The percentage inhibition of plant extract and reference drugs at a concentration range of 0.1-1 mg/ml was evaluated. The results were expressed in mean±SD. The plant extract at a concentration of 1 mg/ml showed the highest alpha-amylase inhibitory activity with percentage inhibition value of 56.76329±0.0035. The % inhibition of alpha-amylase at a concentration 1mg/ml by acarbose, sitagliptin and plant extract was found to be 69.565±0.0084, 67.391±0.0049 and 56.763±0.0035 respectively (Table 2). Following graph explain the percentage inhibition of Acarbose (Figure 3), Sitagliptin (Figure 4), and plant extract (Figure 5).

3.4. Molecular Docking

In order to generate binding energy (ΔG, Kcal/mol), the phytoconstituents (C1 to C12) were docked into the active sites of α -amylase. A more negative binding energy (least binding energy) denotes a spontaneous connection and a stronger affinity between the ligand and protein, and consequently, a more powerful inhibition. All phytoconstituents showed binding energy in the range of -5.9 kcal/mol to -8.3 kcal/mol. All the phytochemical showed the slightly higher binding energy (weak affinity) than native co-crystalized ligand (Acarbose, C13, ΔG = -8.6 kcal/mol) and reference drug Sitagliptin (A14, ΔG = 8.5 kcal/mol). The binding energy, which measures the strength of the interaction between the compounds and the protein, was found to be -8.3 kcal/mol for Vasicoline (C5) (Figure 8) and -8.0 kcal/mol for Quercetin (C9). All the ligand showed the RMSD value less than 2 Å, which validate the docking results (Figure 7). Table 3 provide the detail binding energy, amino acid required for interaction, and RMSD values.

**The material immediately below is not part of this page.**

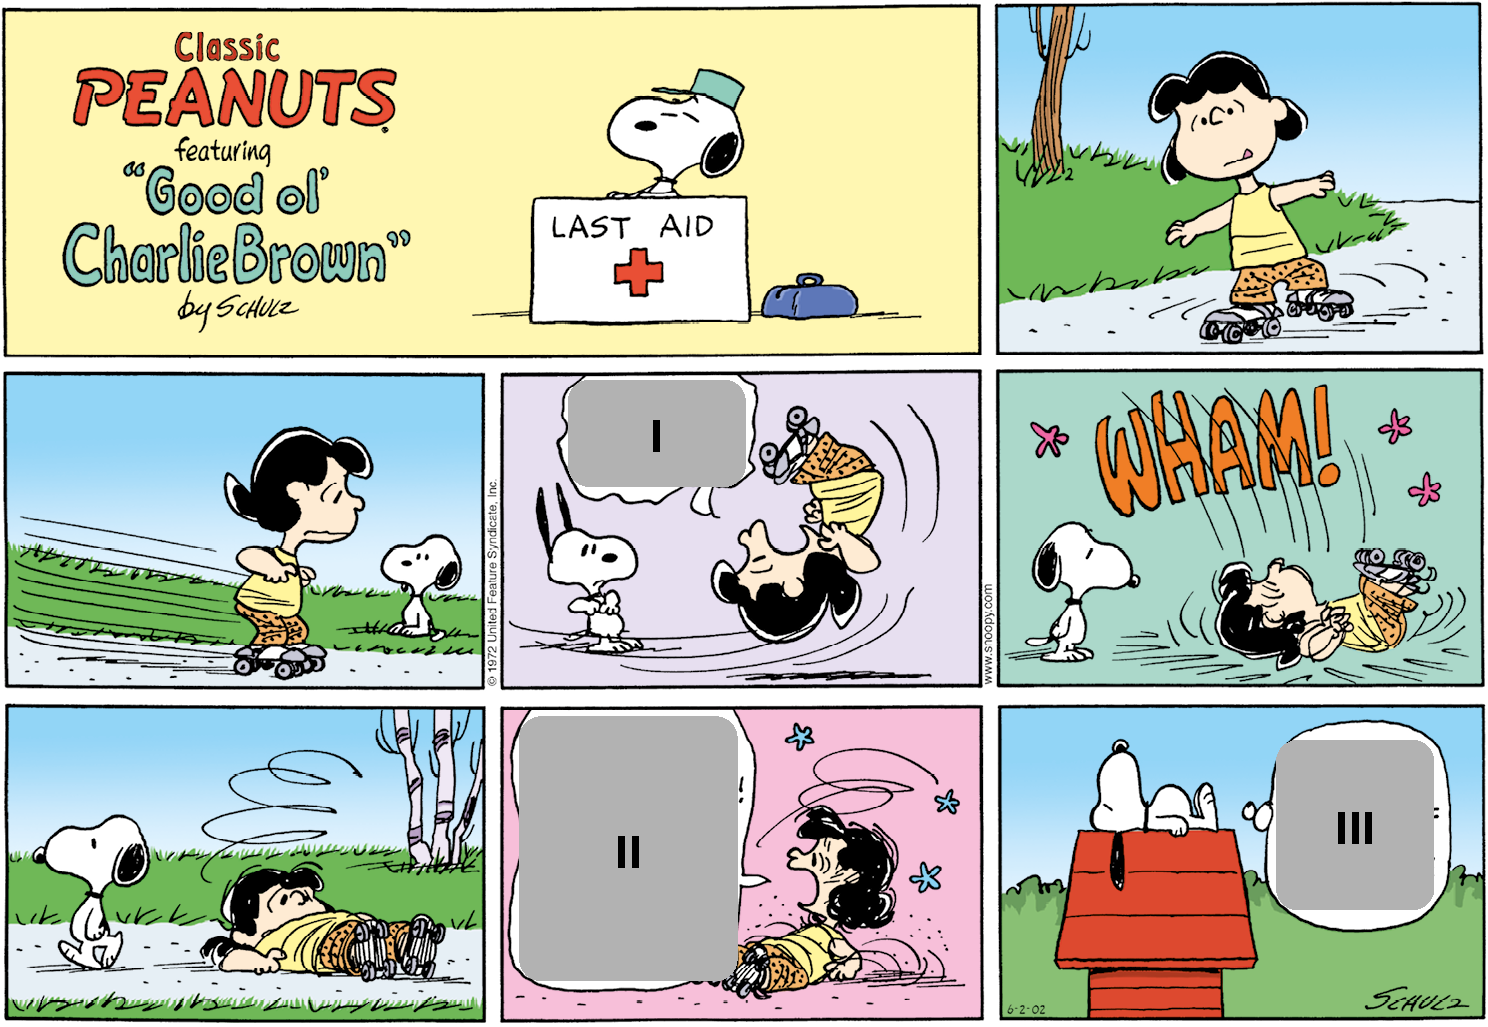 História em quadrinhos. Composta por oito quadros. Apresenta como personagens: Snoopy, um cachorro pequeno, de cor branca com orelhas, mancha no dorso e focinho pequeno em preto. Lucy, menina de cabelos curtos em preto, usando regata em amarelo, bermuda em laranja e com um par de patins em cinza. As cenas se passam em local aberto.   Título: Classic Peanuts feafuring “Good ol' Charlie Brown” by Schulz. Quadro um: Snoopy atrás de um balcão branco com texto: LAST AID e uma cruz vermelha. À direita, uma maleta pequena azul. Snoopy é visto do pescoço para cima com um chapéu sobre a cabeça e olhos fechados.  Quadro dois: Lucy andando de patins, em piso cinza com os braços bem abertos. Ao fundo, à esquerda, local com grama verde e um tronco de árvore. Quadro três: Lucy, com o corpo voltado para à direita, se movendo velozmente. Ela olha para frente, olhos arregalados e expressão tensa. Mais ao fundo, local com grama e Snoopy em pé, a observa. Quadro quatro: Lucy cai com o corpo para cima, pernas ao ar, boca bem aberta e olhos arregalados. Perto dela, balão de fala e dentro, espaço para resposta um. Ao fundo, à esquerda, Snoopy olhando para ela, de olhos abertos e orelhas erguidas para cima.  Quadro cinco: Lucy caindo e batendo as costas no chão, com os olhos bem abertos. Acima, texto: WHAM! E no ar, estrelas rosas. À esquerda, Snoopy em pé, olhando um pouco para baixo, em direção a Lucy. Quadro seis: à esquerda, Snoopy em pé, caminhando para à esquerda e à direita, Lucy com o corpo estendido sobre o chão. Ela olha um pouco para frente, uma linha fina acima dela em espiral. Ao fundo, local com grama e vista parcial de árvore à direita.  Quadro sete: Lucy à direita, com o corpo no chão, a cabeça um pouco para cima, olhando para a esquerda, com a boca bem aberta. Balão de fala com espaço para resposta dois. Próximo à cabeça dela, linhas finas em espiral e com três estrelas em azul-claro.  Quadro oito: à esquerda, uma casa pequena em vermelho de  telhado triangular, onde Snoopy está deitado, com corpo estirado, olhos fechados e orelhas caídas para baixo. Perto dele, balão de pensamento com espaço para resposta três. Ao fundo, local com grama verde e acima, céu azul claro.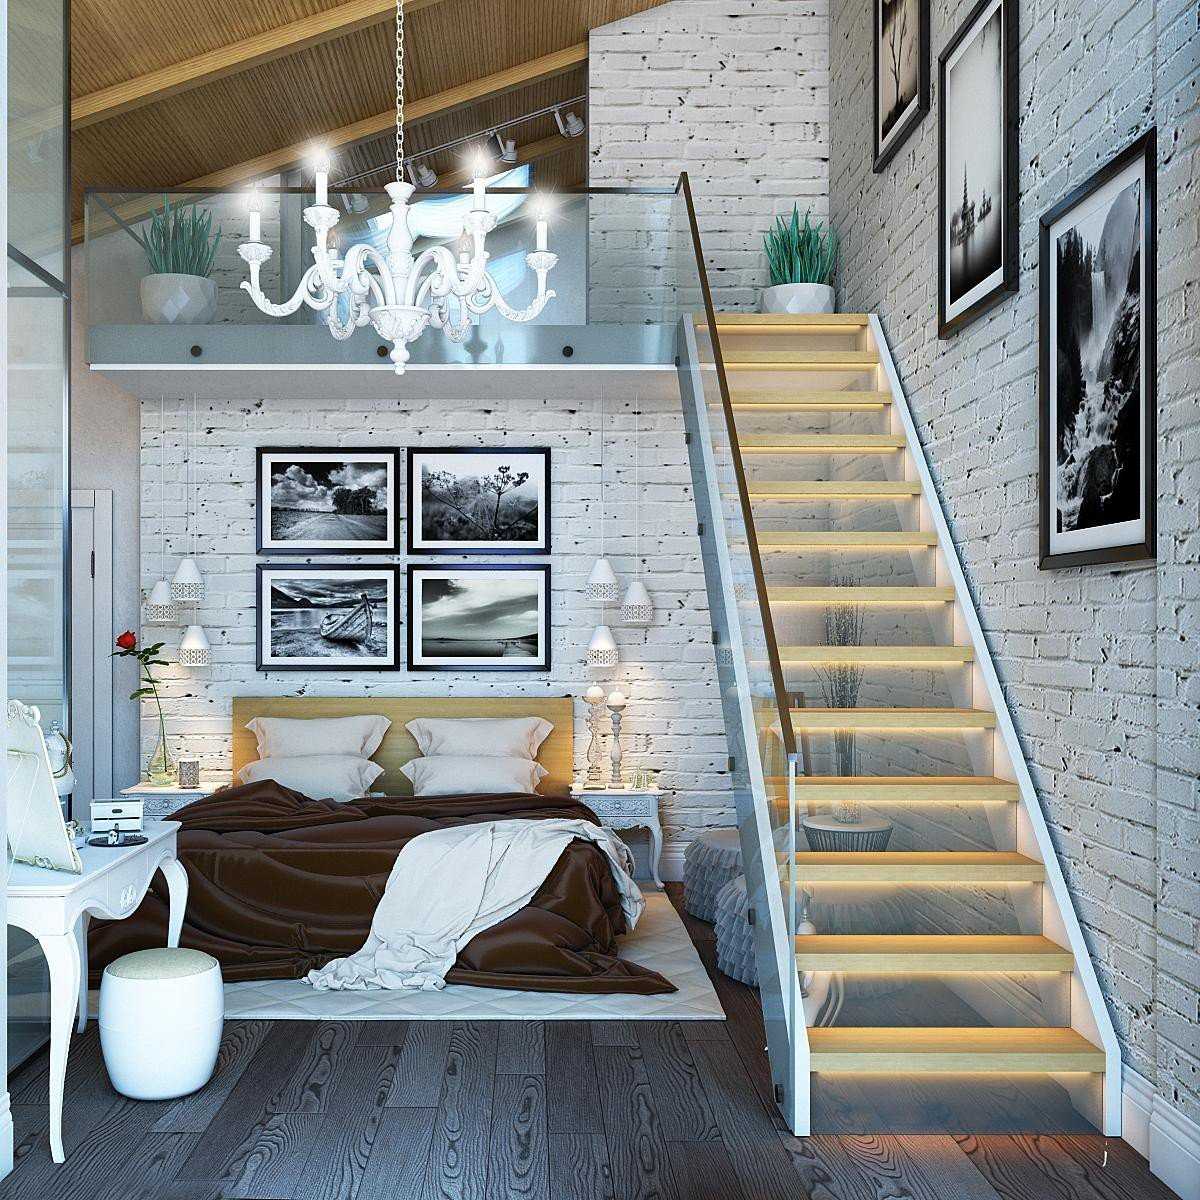 Дизайн двухуровневой квартиры  особенности пространства, основные плюсы и минусы Виды лестниц маршевая, консольная, винтовая и другие Популярные стили интерьера и их использование в разных комнатах Советы дизайнера по выбору освещения и мебели

3.5. Toxicity Profiling Analysis

Acute inhalation toxicity and acute oral toxicity of active constitutes were investigated by SToPToX server. The predicted toxicities were indicated in negative sign (-) for non-toxic compound and positive sign (+) for toxic compound. The contributing functional group in the toxicity properties also predicted. Green color in the structure represents the functional group to contribute for non-toxic properties and brown color represent the functional group that contribute to enhance the toxic character. The Vasicoline (C5) was predicted toxic compound for inhalation. Quercetin (C9) showed negative sign for both acute inhalation toxicity and acute oral toxicity resulting as nontoxic compound. Detail toxicity study is given in Table 4.
Figure 9. ‘A’ and ‘C’ applicability domain (AD) for acute inhalation and acute real toxicity of compound C5 respectively. ‘B’ and ‘C’ predicted fragment contribution for acute inhalation and acute real toxicity of compound C5 respectively. Green color in the structure represents the functional group to contribute for non-toxic properties and brown color represent the functional group that contribute to enhance the toxic character.
Figure 9. ‘A’ and ‘C’ applicability domain (AD) for acute inhalation and acute real toxicity of compound C5 respectively. ‘B’ and ‘C’ predicted fragment contribution for acute inhalation and acute real toxicity of compound C5 respectively. Green color in the structure represents the functional group to contribute for non-toxic properties and brown color represent the functional group that contribute to enhance the toxic character.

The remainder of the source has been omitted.